Русский Вид. Книга первая: Медведь. Барс
Шрифт:
– Ну, что готова общаться с воскресшим товарищем?
– Готова...,- тяжело вздохнула Маша, - звоните уже!
Алексей Викторович нажал кнопку вызова, передал трубку девушке и уселся на свое рабочее место, открывая ноутбук. «Мог бы и выйти, одну меня оставить», - с некоторым неудовольствием подумала Маша, полностью отворачиваясь к окну. В трубке долго раздавались гудки, а потом раздраженный заспанный голос грубо спросил:
– Кто это еще? Чего надо?
Девушка с трудом узнала голос Вадима и тихо проговорила в ответ:
– Это... Маша. Вадим, это я - Маша!
На другом конце связи долго
– Кто? Какая М-Маша? ...А-а-а, Маша, солнце, это ты что ли? Во дела! Мне сказали, ты уехала в лес куда-то, горе свое забывать. А я-то жив! Представляешь! Когда вернешься, солнце, я соскучился!
Маша почувствовала, как быстро-быстро забилось сердце при столь знакомых интонациях. Она была очень близка с этим мужчиной почти три года, потом похоронила и оплакала его в своей душе и вот, благодаря чуду, может снова слышать родной голос. Какая-то неуловимая иллюзия их прежней близости вдруг спазмом сжала ей горло. Перед лицом поплыли воспоминания их лучших дней.

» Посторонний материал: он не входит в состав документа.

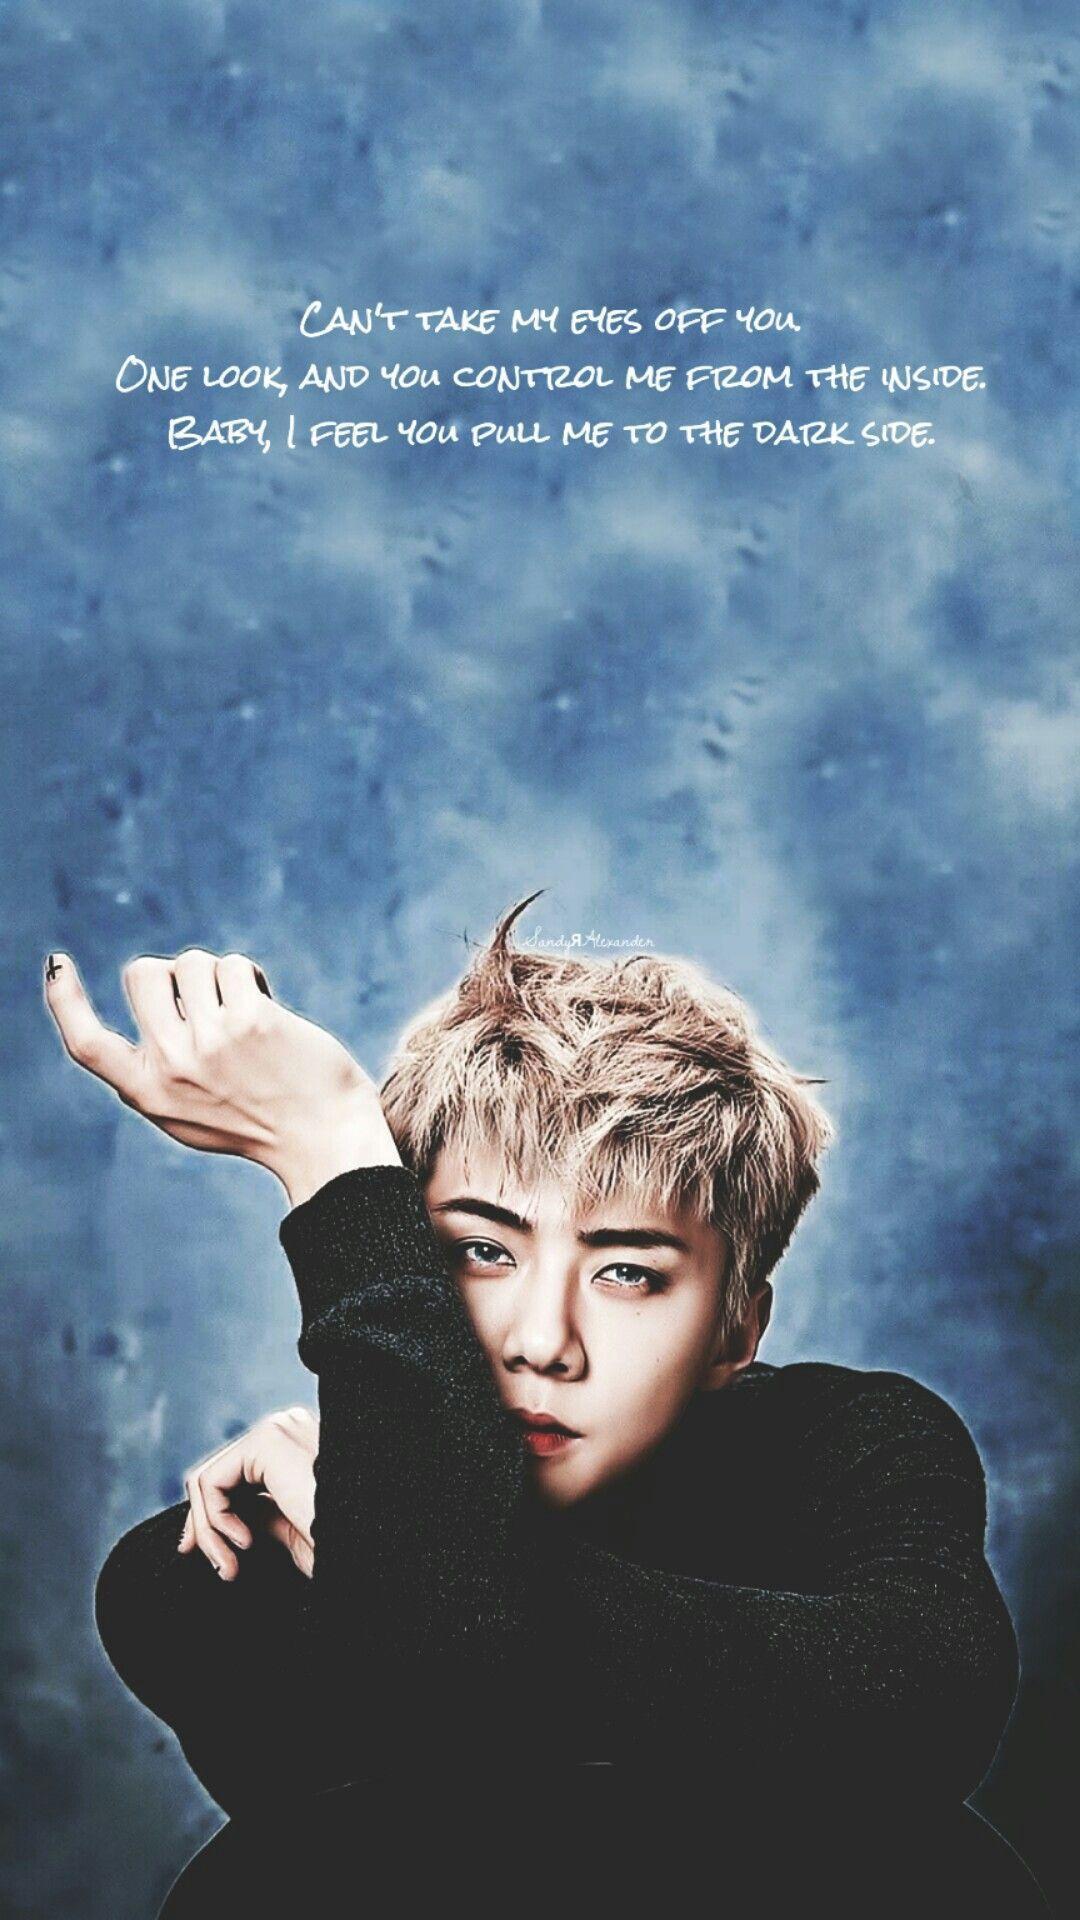 Sehun EXO Wallpapers - Wallpaper Cave  Sehun EXO Wallp...
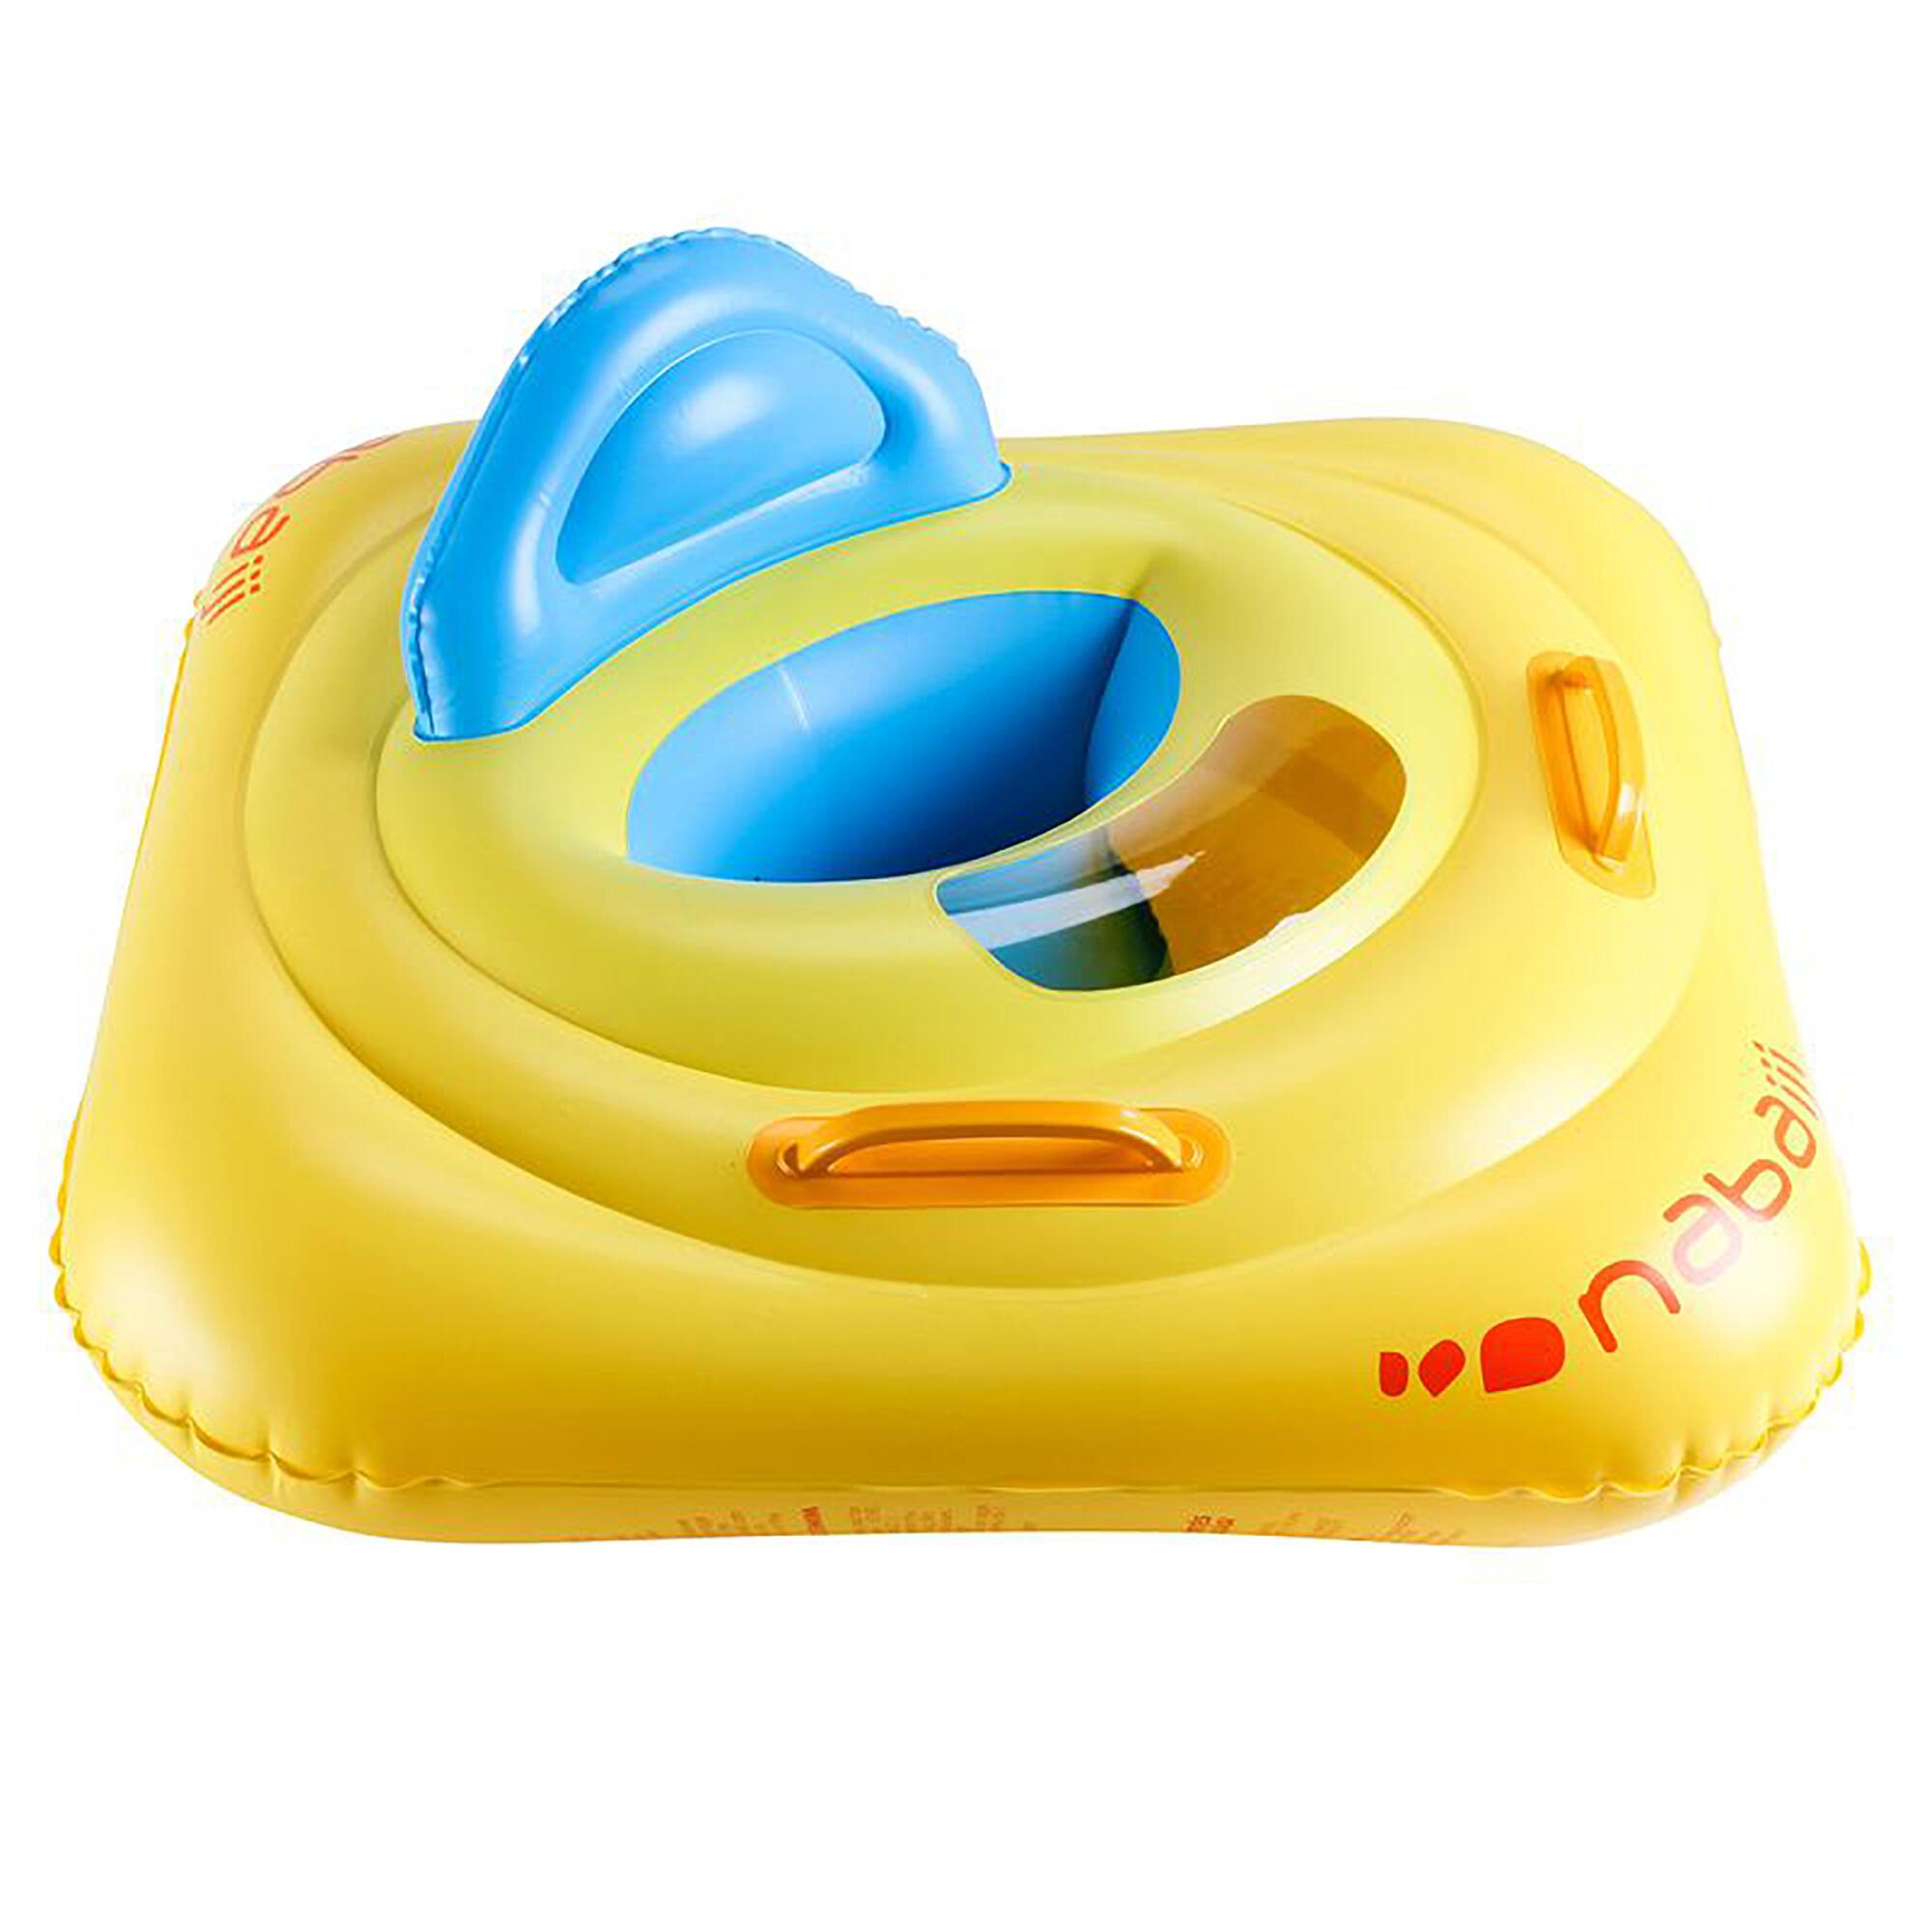 Flotador con asiento para bebé, amarillo con ventana y asas, niños de 7 a 11 kg

– Вадим, я очень рада, что тебя спасли! Это... это счастье просто. Мне было так плохо, наш ребеночек...
– Да, я все знаю, мне Танюха рассказала, что у тебя выкидыш или что-то такое случилось. Ну, ты же расстроилась за меня, ясно. Да не переживай, солнце, это все к лучшему.
– К лучшему? Как ты можешь так...
– переспросила Маша, до боли закусывая губу, но Вадим ее снова перебил.
– Я тут всю жизнь свою передумал заново, Маш, жизнь-то одна, оказывается, и надо все успевать по полной! Я женится тебе обещал вроде, но, ты прости, я точно сейчас не готов. У меня был та-а-кой шок, Маш, ты и представить себе не можешь, что со мной было. Это был ад, реально! Я не знаю, когда отойду от этого, мне нужно время. И ты мне нужна, солнце! Приезжай скорее, я тебя безумно хочу, детка!
– Вадим... я не приеду.
– Что за дерьмовую работу ты нашла? Бросай все, у меня есть деньги, съездим, отдохнем в Турцию или куда захочешь... Я тебя жду!
– Я не приеду, Вадим. Я говорю серьезно. Мы больше не вместе. Я встретила другого человека. Так получилось.
– Это что шутка? Маш, ты меня разыграть хочешь, подразнить? Ты мне нужна сейчас, я не могу без тебя.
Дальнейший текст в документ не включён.